All lines from the one containing "内 メーカー 2020 脳" through the end of the material below are to be printed exactly, both ends included, minus pictures.

* **SUPPLIED DATA**:
┌──

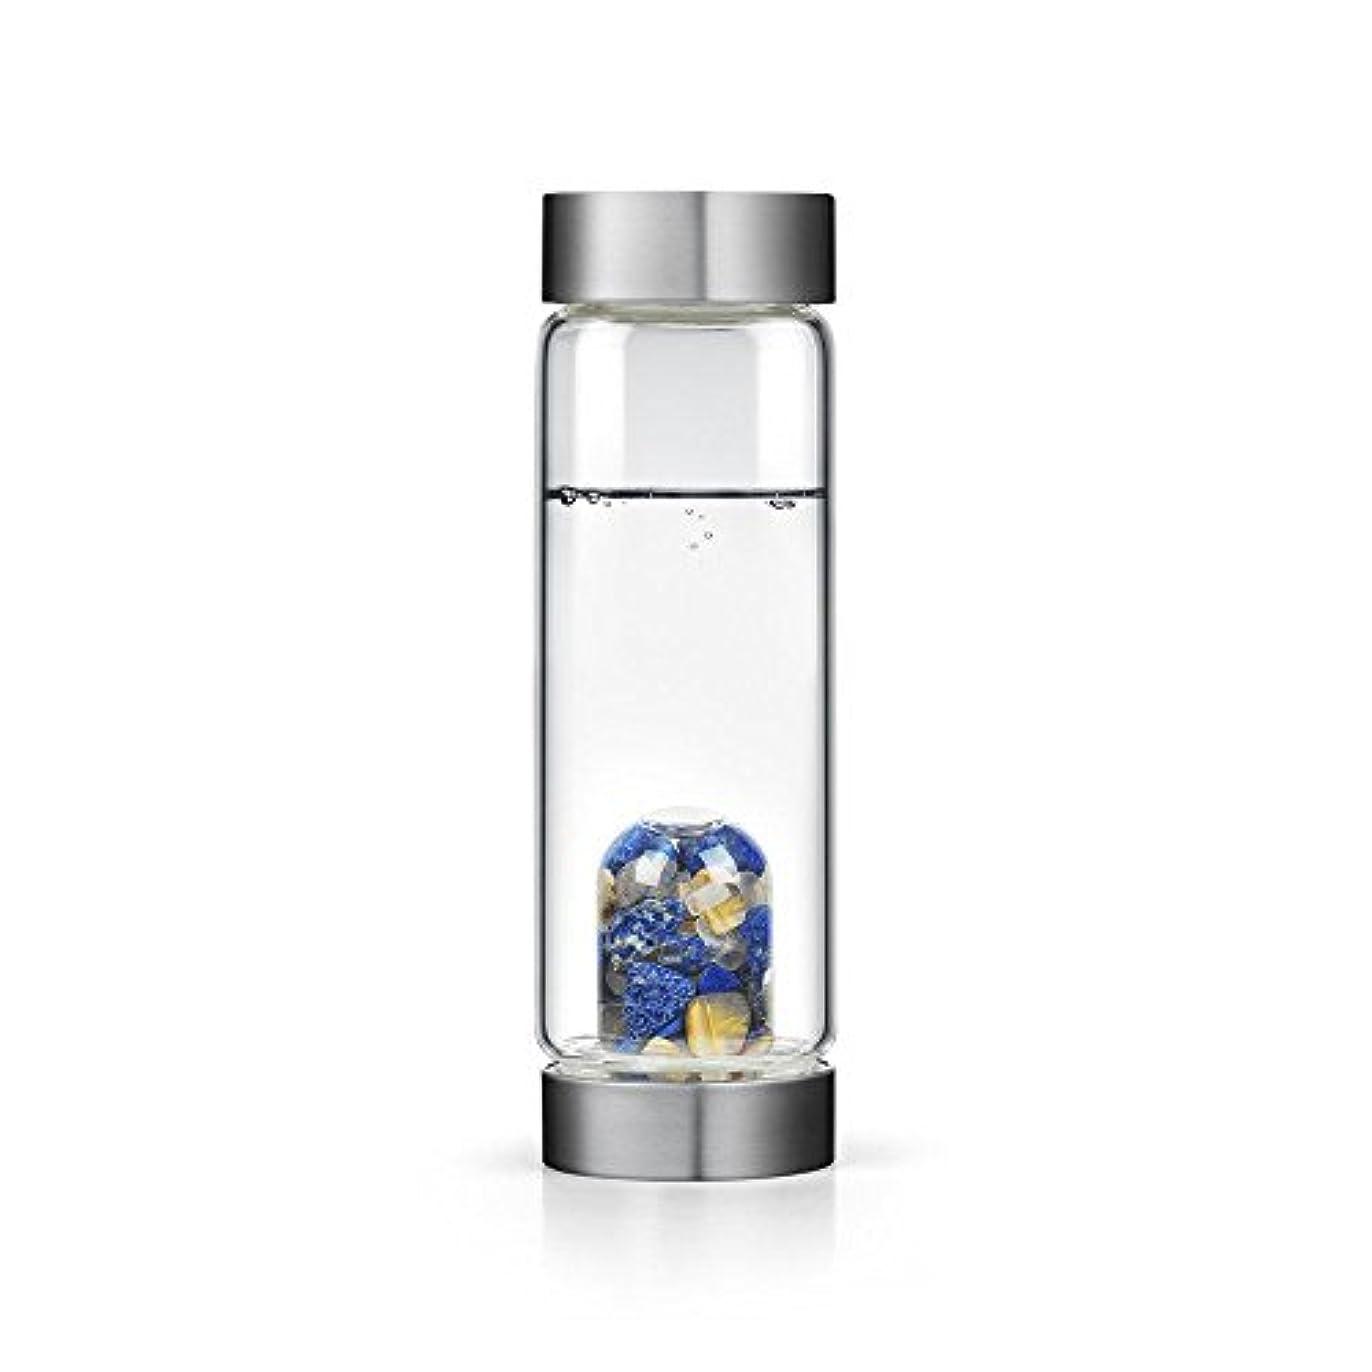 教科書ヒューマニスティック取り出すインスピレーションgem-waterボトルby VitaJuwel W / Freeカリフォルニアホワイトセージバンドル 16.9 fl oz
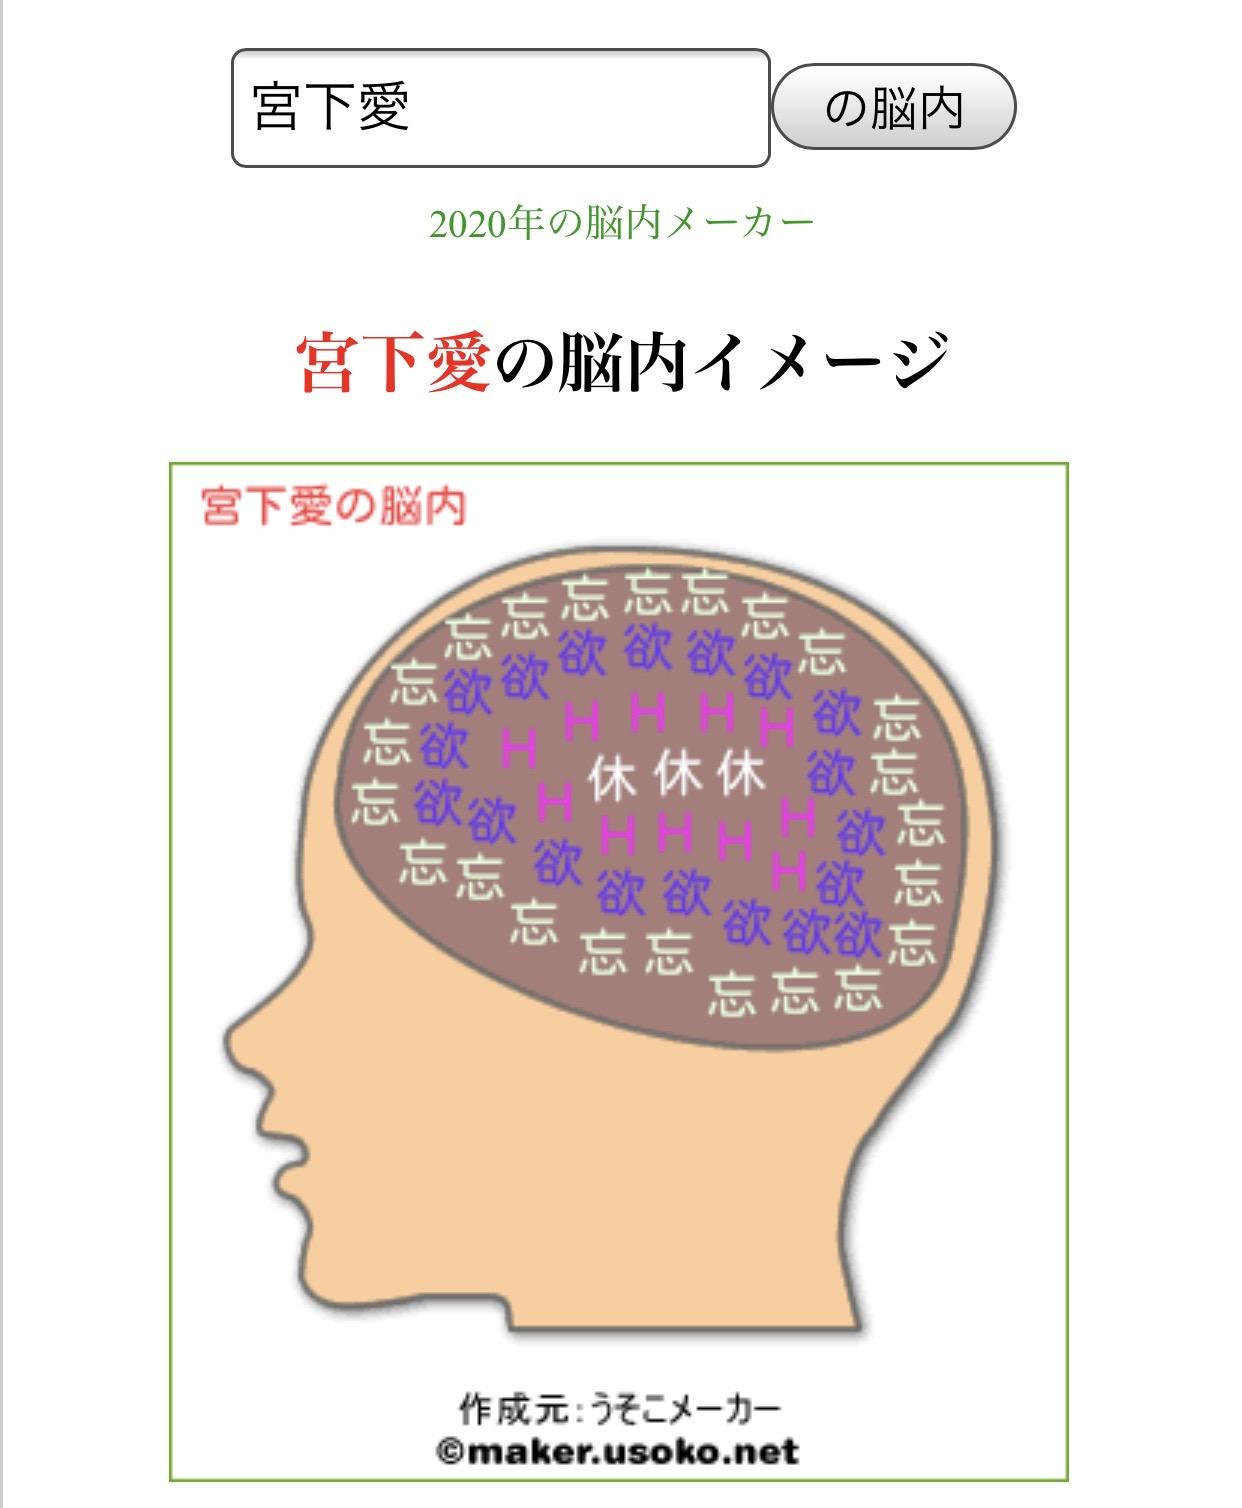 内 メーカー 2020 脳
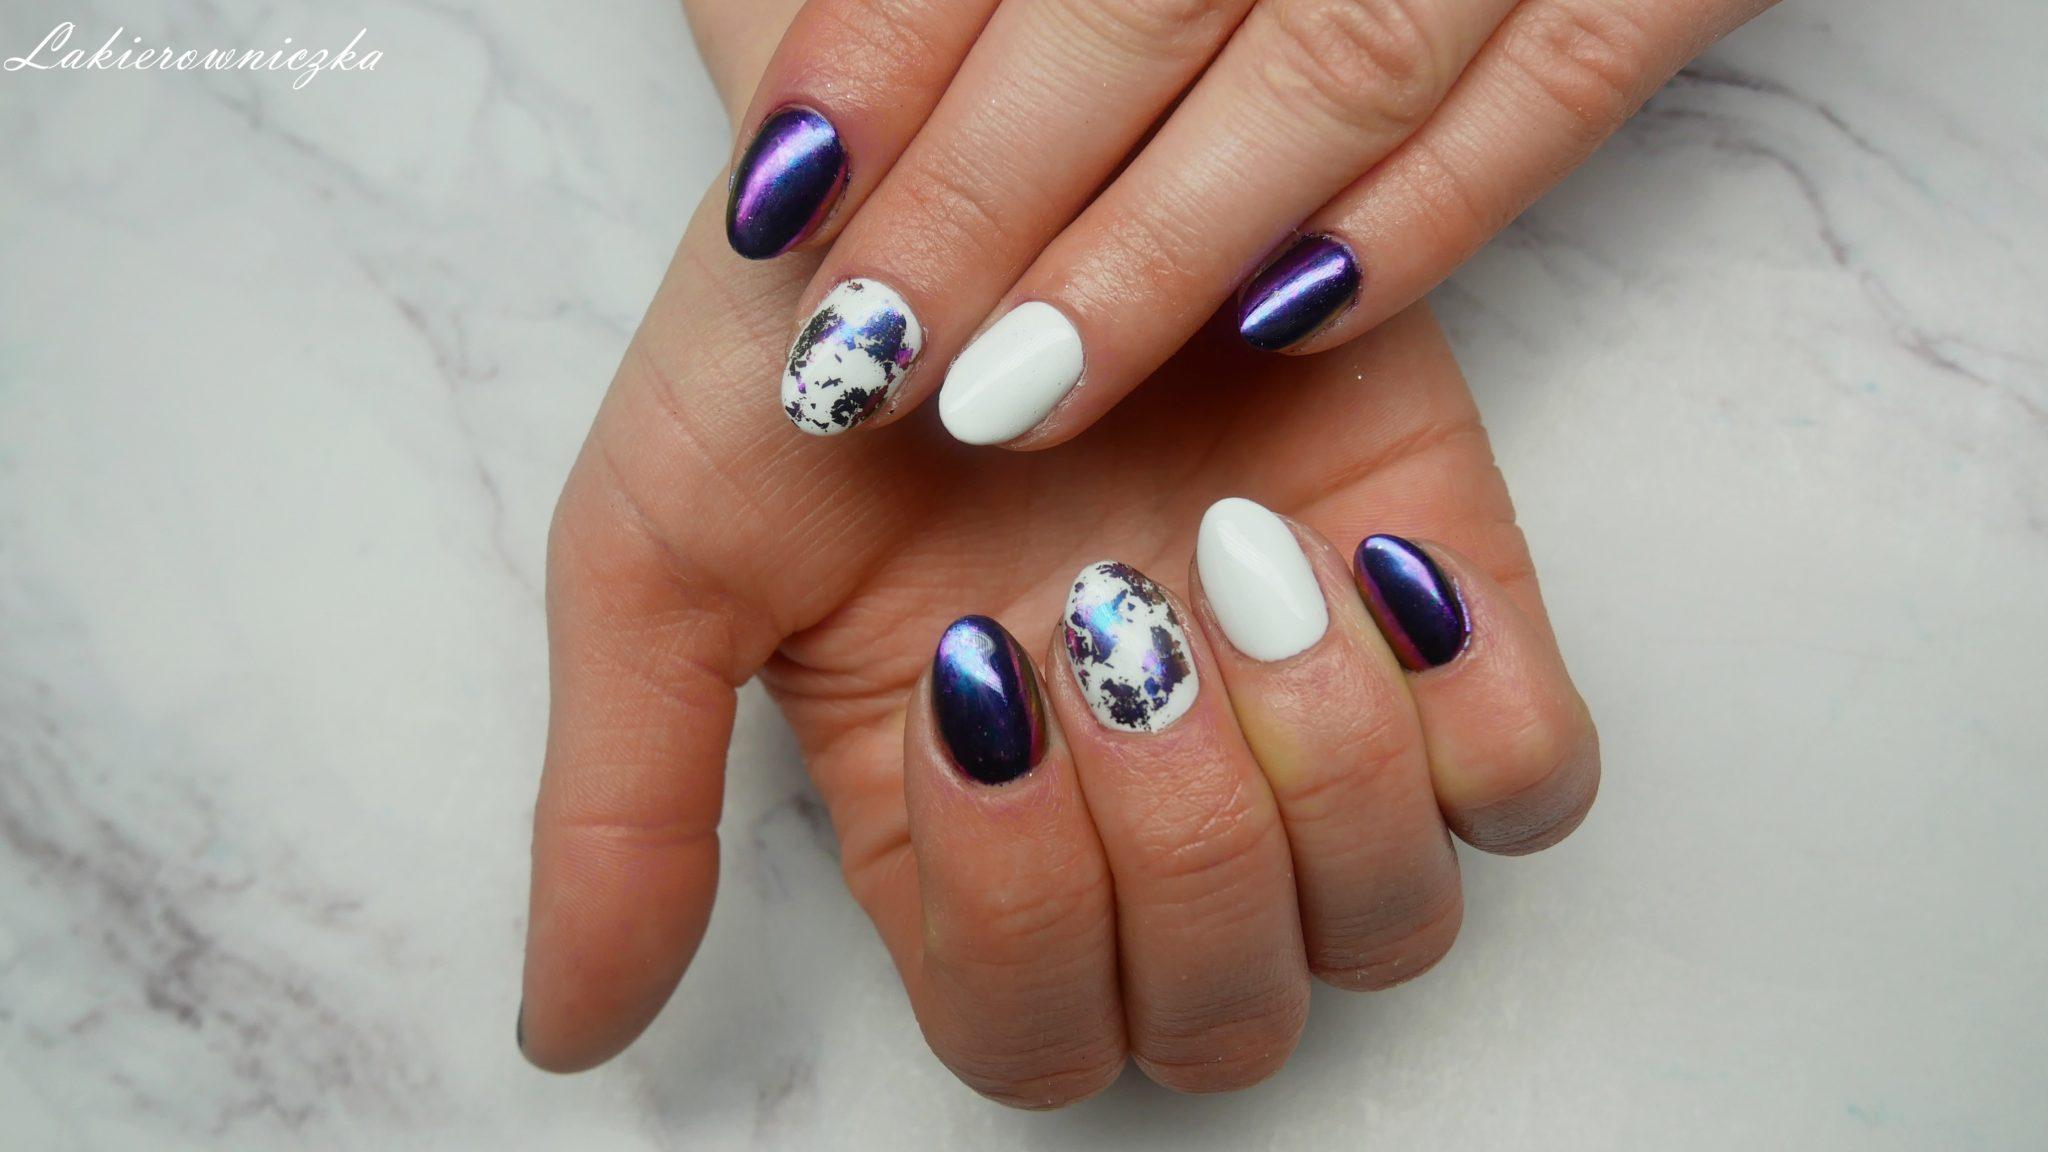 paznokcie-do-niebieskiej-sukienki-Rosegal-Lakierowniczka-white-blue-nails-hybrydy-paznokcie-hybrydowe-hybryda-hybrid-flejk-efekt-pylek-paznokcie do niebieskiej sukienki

└──

* **ANSWER TO THE EXERCISE**:
 内 メーカー 2020 脳
 paznokcie-do-niebieskiej-sukienki-Rosegal-Lakierowniczka-white-blue-nails-hybrydy-paznokcie-hybrydowe-hybryda-hybrid-flejk-efekt-pylek-paznokcie do niebieskiej sukienki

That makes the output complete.